#### Task item:
Please copy the lines below, exactly as they are, from the one with "Leather jacket jigsaw - Navy" through the one with "Honda Odyssey Fl570r For Sale Autos Post", and leave out the pictures.

#### Provided records:
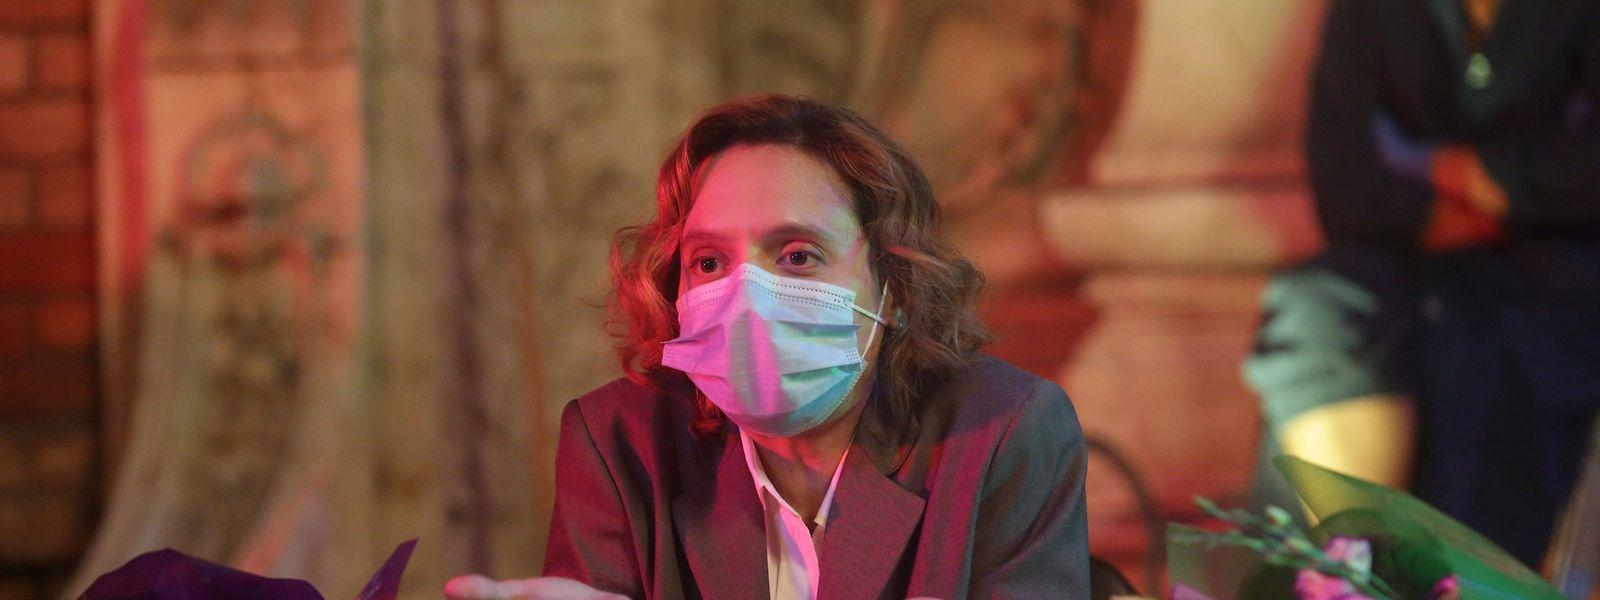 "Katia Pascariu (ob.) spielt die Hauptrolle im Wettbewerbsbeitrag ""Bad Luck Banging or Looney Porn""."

* * *

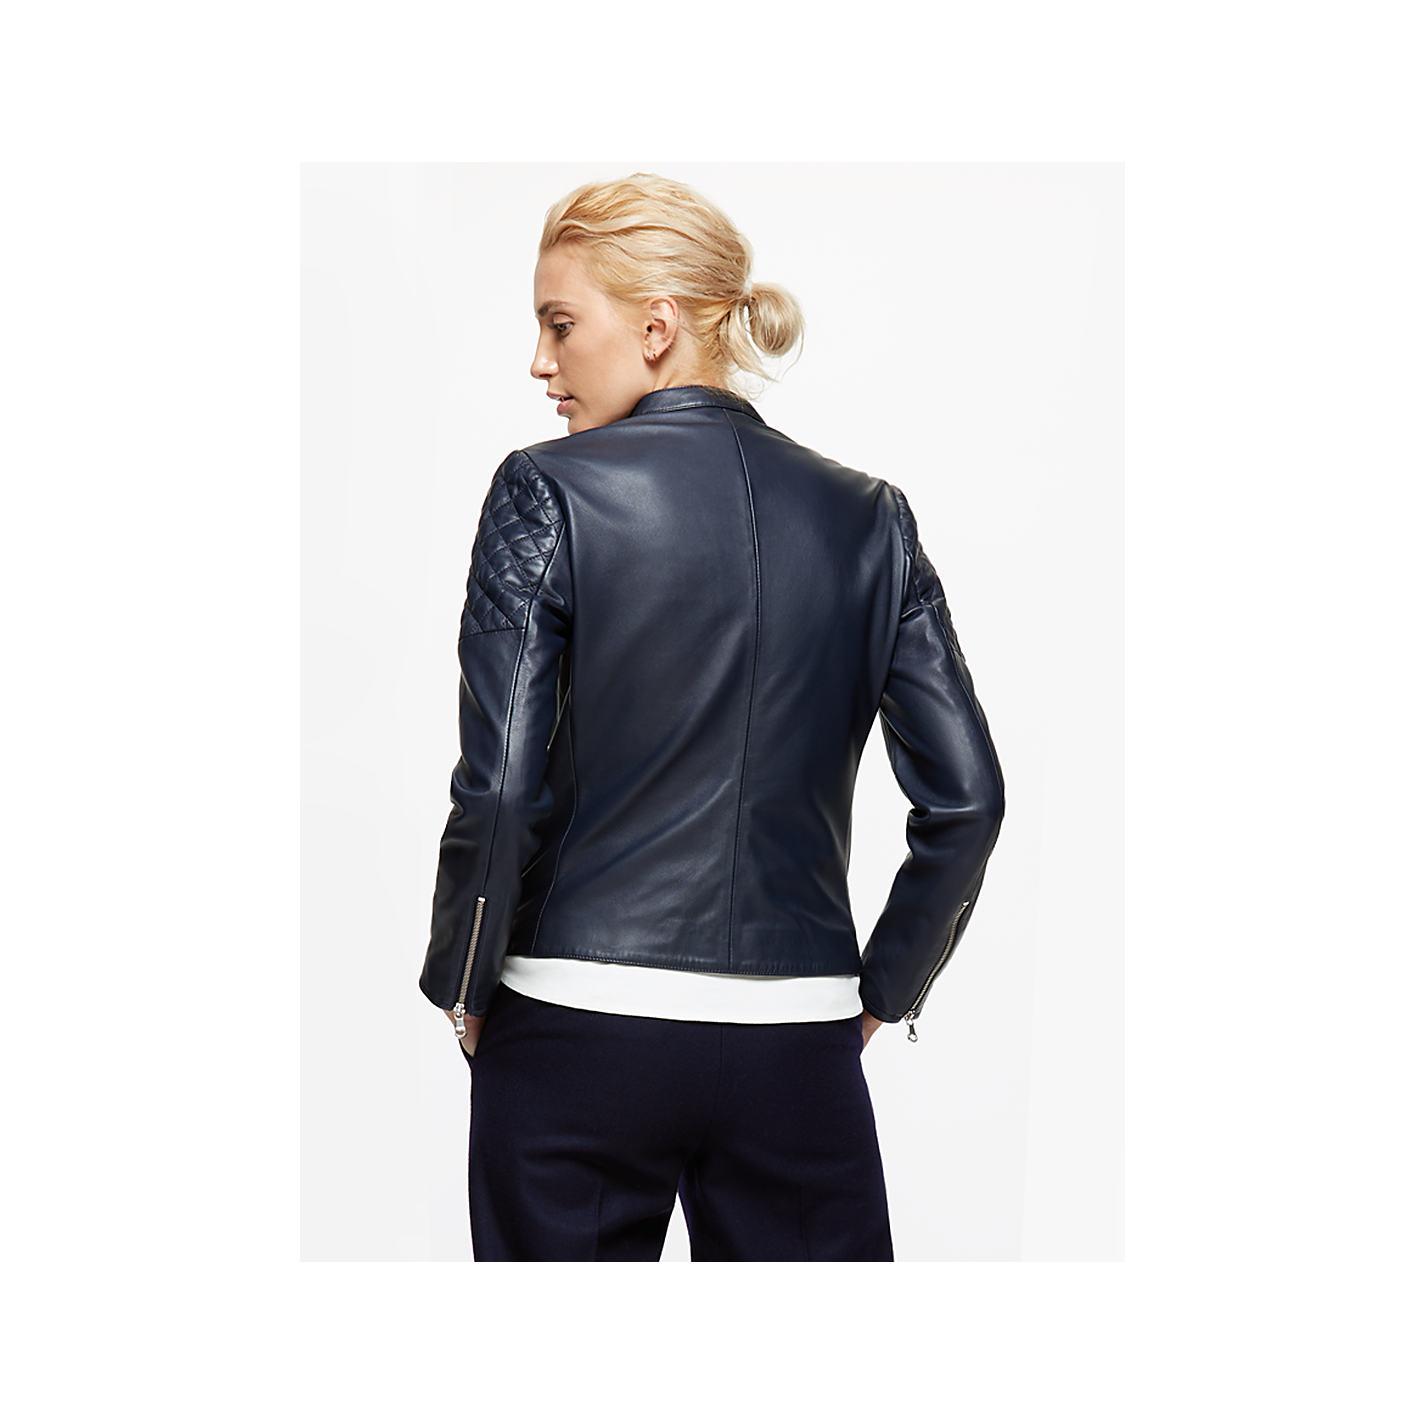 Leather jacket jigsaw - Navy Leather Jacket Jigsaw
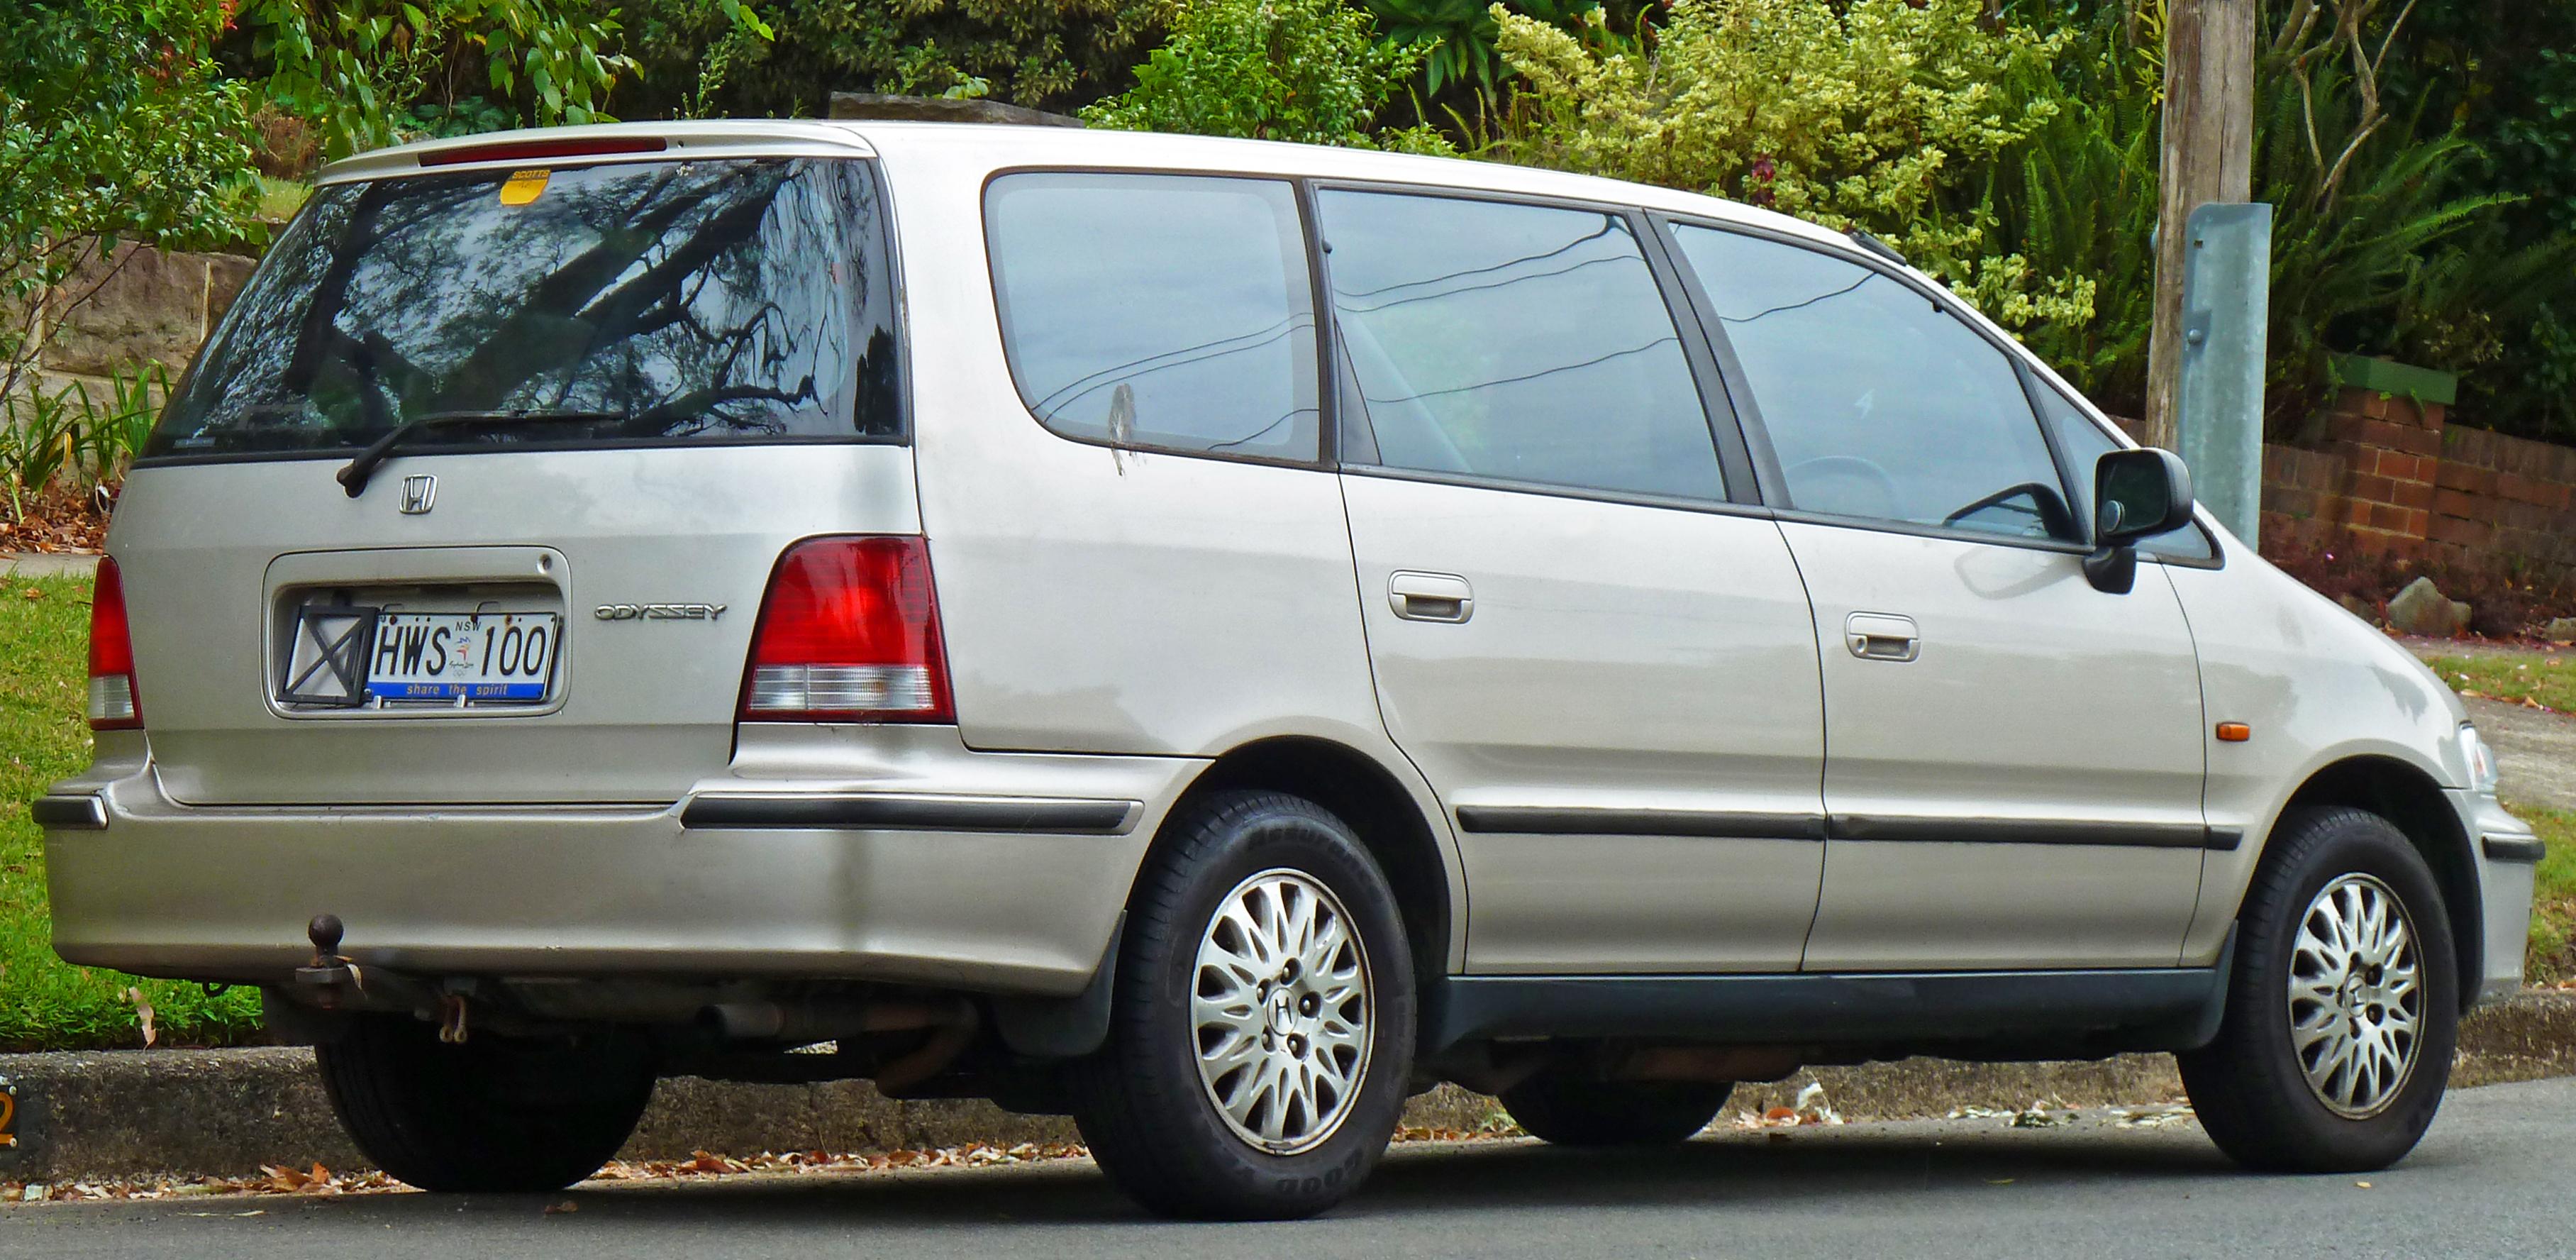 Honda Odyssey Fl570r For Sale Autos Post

#### Response area:
 Leather jacket jigsaw - Navy Leather Jacket Jigsaw
 Honda Odyssey Fl570r For Sale Autos Post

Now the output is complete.